Children need independence. Parents are best able to judge if their own child's capabilities and set their own rules.

Hakluyt · 09/01/2015 12:44

9bluedolphins- there is more to that story. If you are sure there isn't, then ask the school for a copy of the file concerned, and insist that anything irrelevant is removed. Or insist that your own account of the incident is added.

GreenPetal94 · 09/01/2015 13:02

My child walked home at age 8, it is very close. He's lived to tell the tale and it helped me massively at the time for various reasons. In our school its only year 1 and year 2 that are not allowed by school entirely because some kids live so very near and our school consider it to be up to parents. Actually year 1 and 2 can walk with permission as some of them literally just cross with the lollypop lady.

ChocLover2015 · 09/01/2015 13:06

9bluedolphin
so the issue on file is about your treatment of your pre-schooler?

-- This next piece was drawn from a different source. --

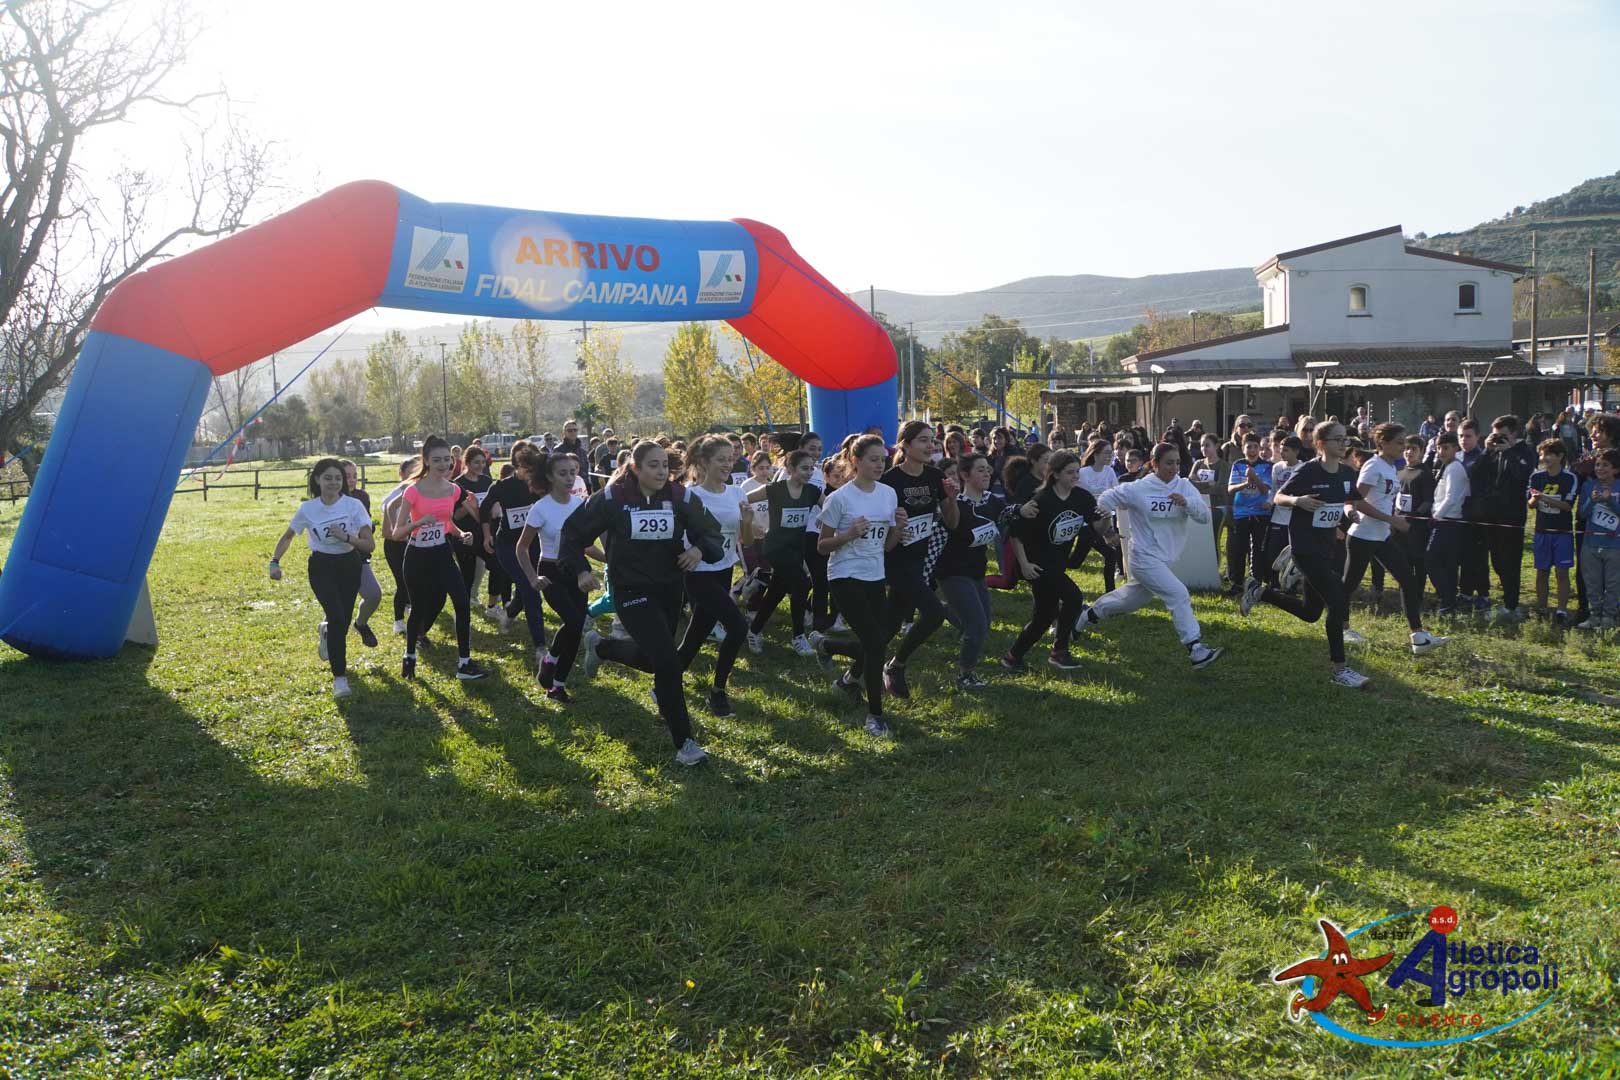 Corsa campestre, ad Agropoli ritornano i campionati regionali di società

9Bluedolphins · 09/01/2015 14:01

Hak - there were many more malicious things done by the same person elsewhere and on different occasions in what was a long campaign lasting several years after we had moved to a different city. I went to the police over it a couple of times, but she did everything anonymously or using a false name, over the internet with a made up identity, etc. She was a psychopath, as far as I can make out. But as far as her actions towards that particular school went, she only complained about her having seen my DC carrying a packed lunch bag, which demonstrated that she was eating packed lunches instead of school dinners. The school took it upon themselves to construe this as a general complaint of neglect, and to bring me in to observe me with my younger DC. They also elected not to tell me about the anonymous complaint about the packed lunches.
The DC is no longer at the school, and is flourishing at secondary, so the existence of the paperwork is not relevant to us now.

On Mumsnet, as in RL, if you mention this kind of thing having happened to you people suspect that you were at fault, no smoke without fire, etc. But some people focus on children as a form of attack - it's very effective.

oldgrandmama · 09/01/2015 15:20

I used to walk over a mile to school. And back. I crossed main roads en route too. How old was I? I was six. But this was in 1948 and I certainly wasn't the only kid of my age walking to school. Not much traffic then and not so much parental anxiety about 'strangers' trying to entice kids into their clutches then, although of course they were around. I did almost get run over by a bus once - driver did a fantastic emergency stop and yelled at me. I scuttled away and thought I'd got away with it, but a passenger on the bus knew my parents and dobbed me in. I got spanked.

As for OP's worries, if the parents, and the school are OK about this, then perhaps she should let it go. Sounds a pretty short, and safe, distance for the child to walk.